- **What to work on**
Each line from the one that includes "- 48 Green Sapphires weighing 0,60 ct;" to the last line of the data below should be set down exactly; no other lines are wanted.

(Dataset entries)
========

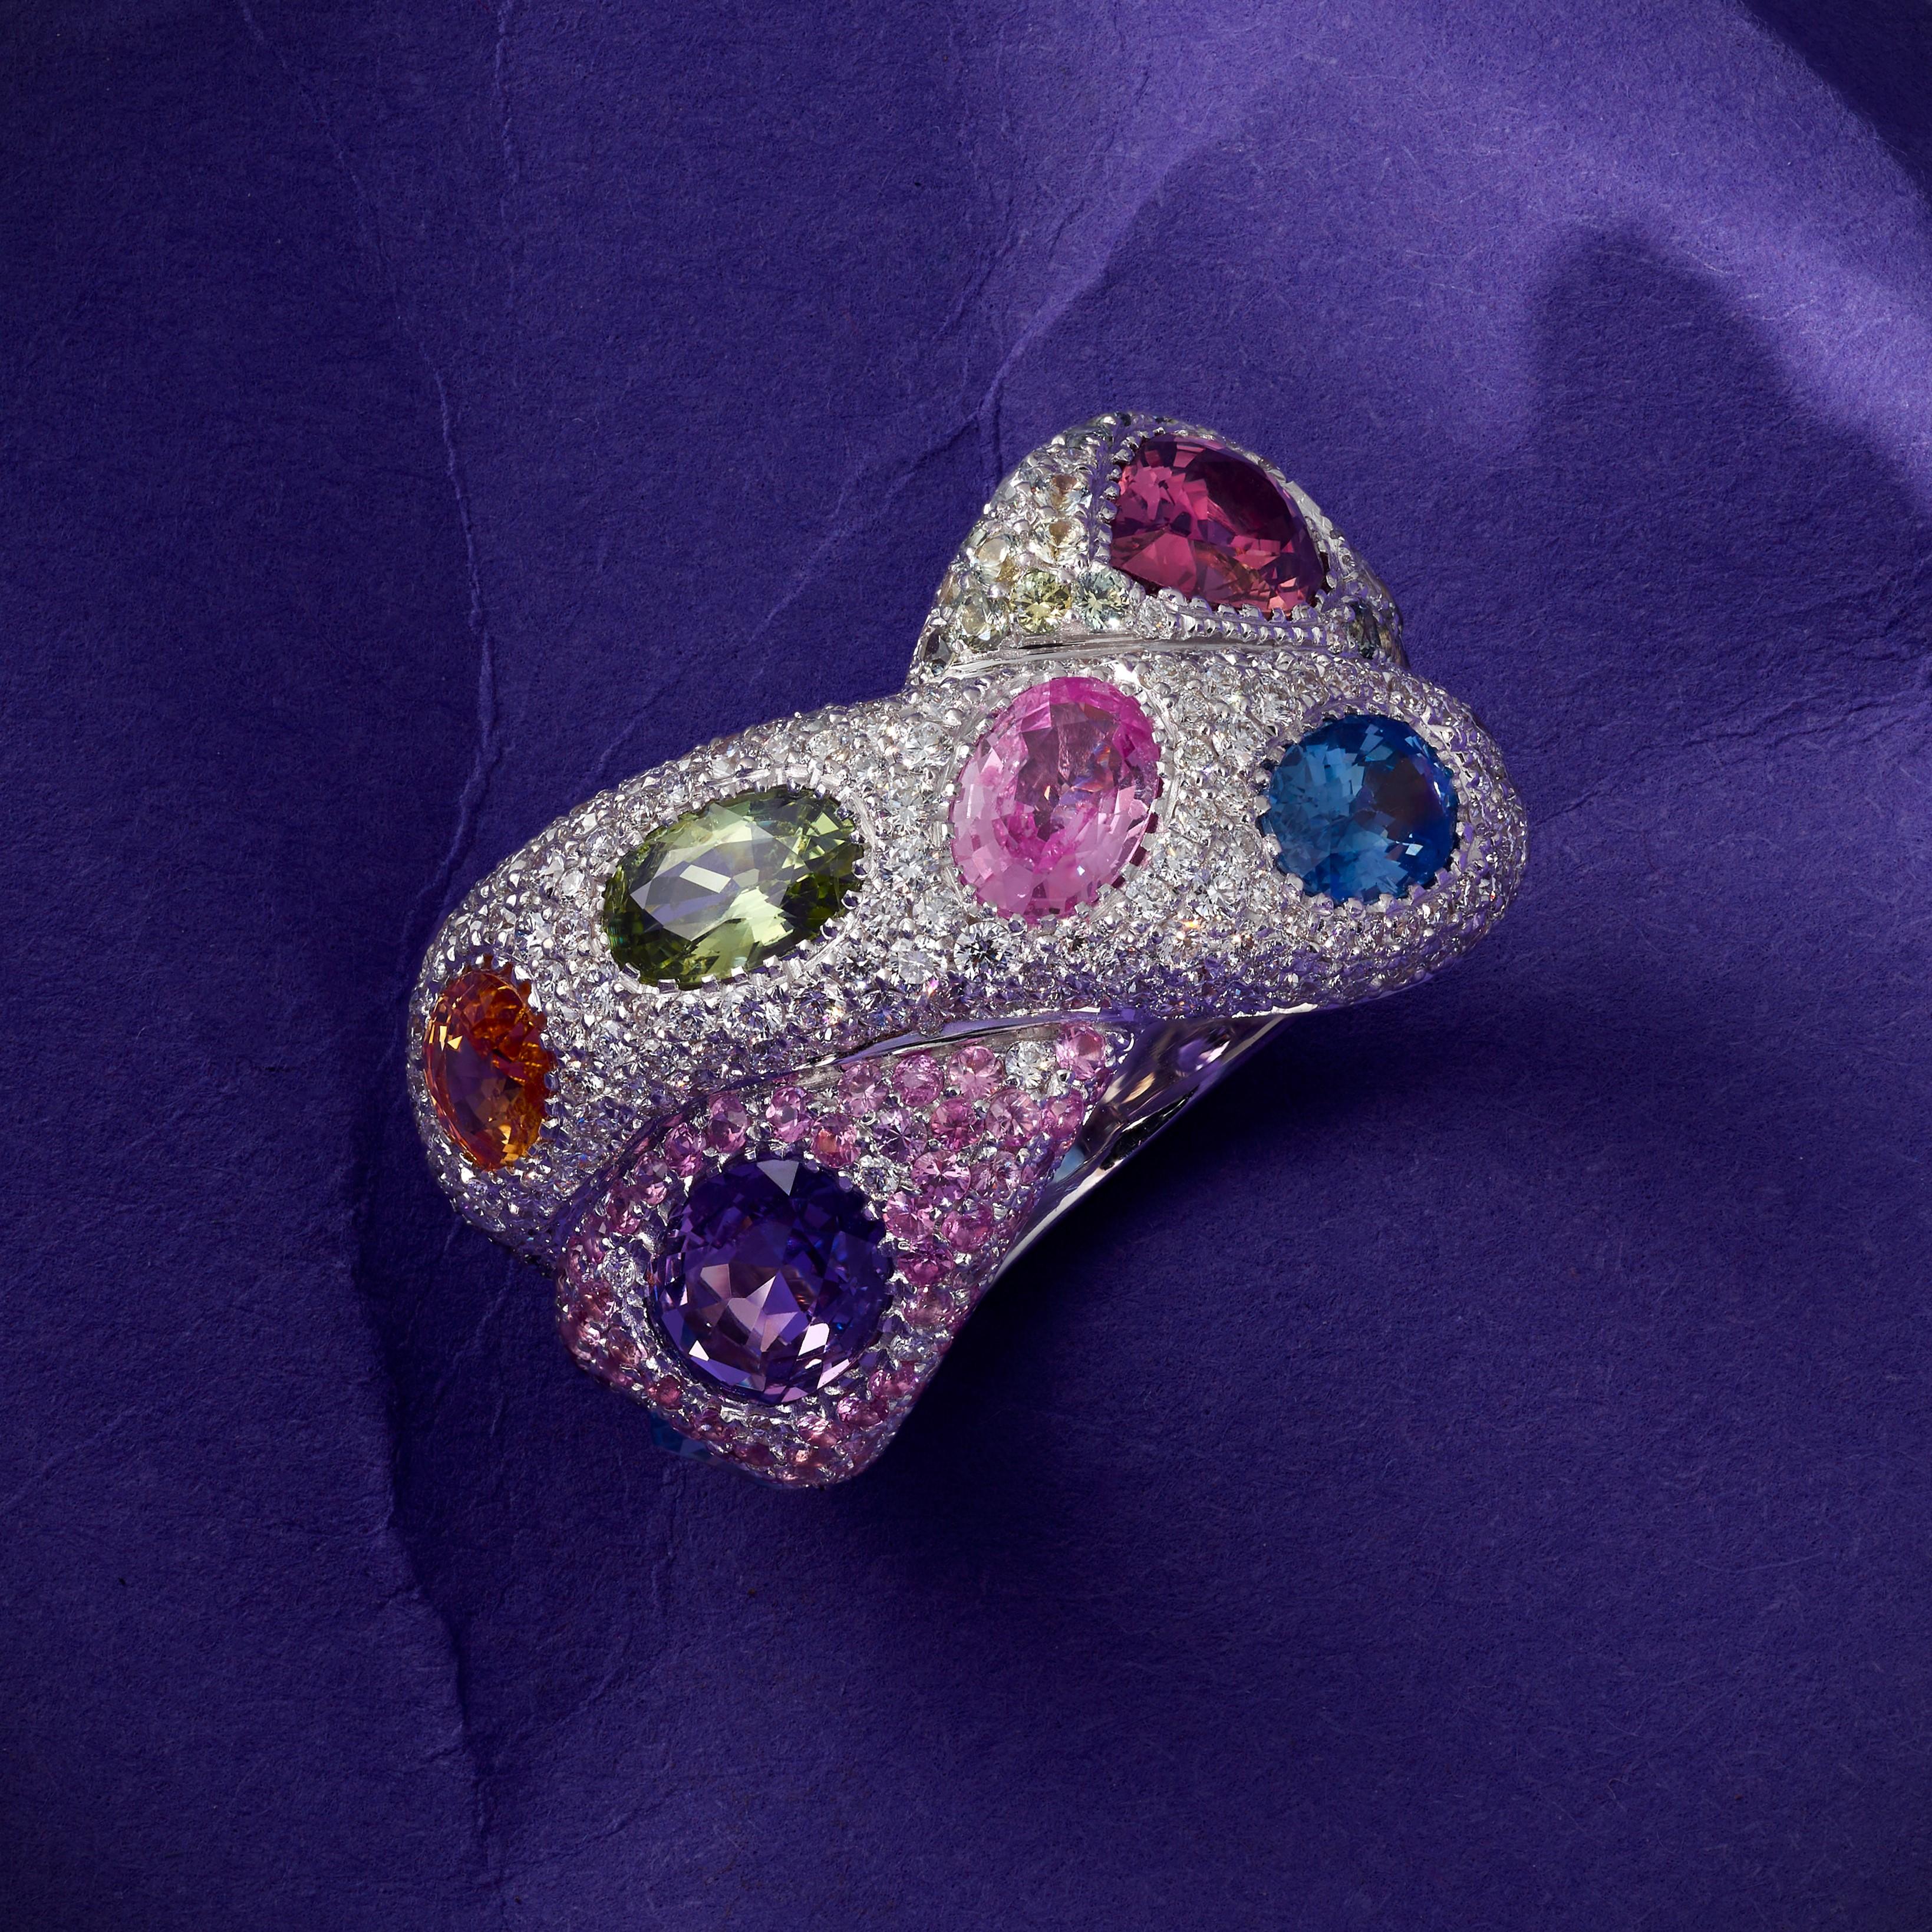 A White Gold cocktail Ring by Rosior Portugal, set with:
- 244 Natural Colorless Diamonds weighing 1,47 ct;
- 48 Green Sapphires weighing 0,60 ct;
- 80 Pink Sapphires weighing 0,66 ct;
- 2 Oval Cut Purple Sapphires weighing 1,45 ct;
- 1 Oval Cut

========

- **Solution to this problem**
- 48 Green Sapphires weighing 0,60 ct;
- 80 Pink Sapphires weighing 0,66 ct;
- 2 Oval Cut Purple Sapphires weighing 1,45 ct;
- 1 Oval Cut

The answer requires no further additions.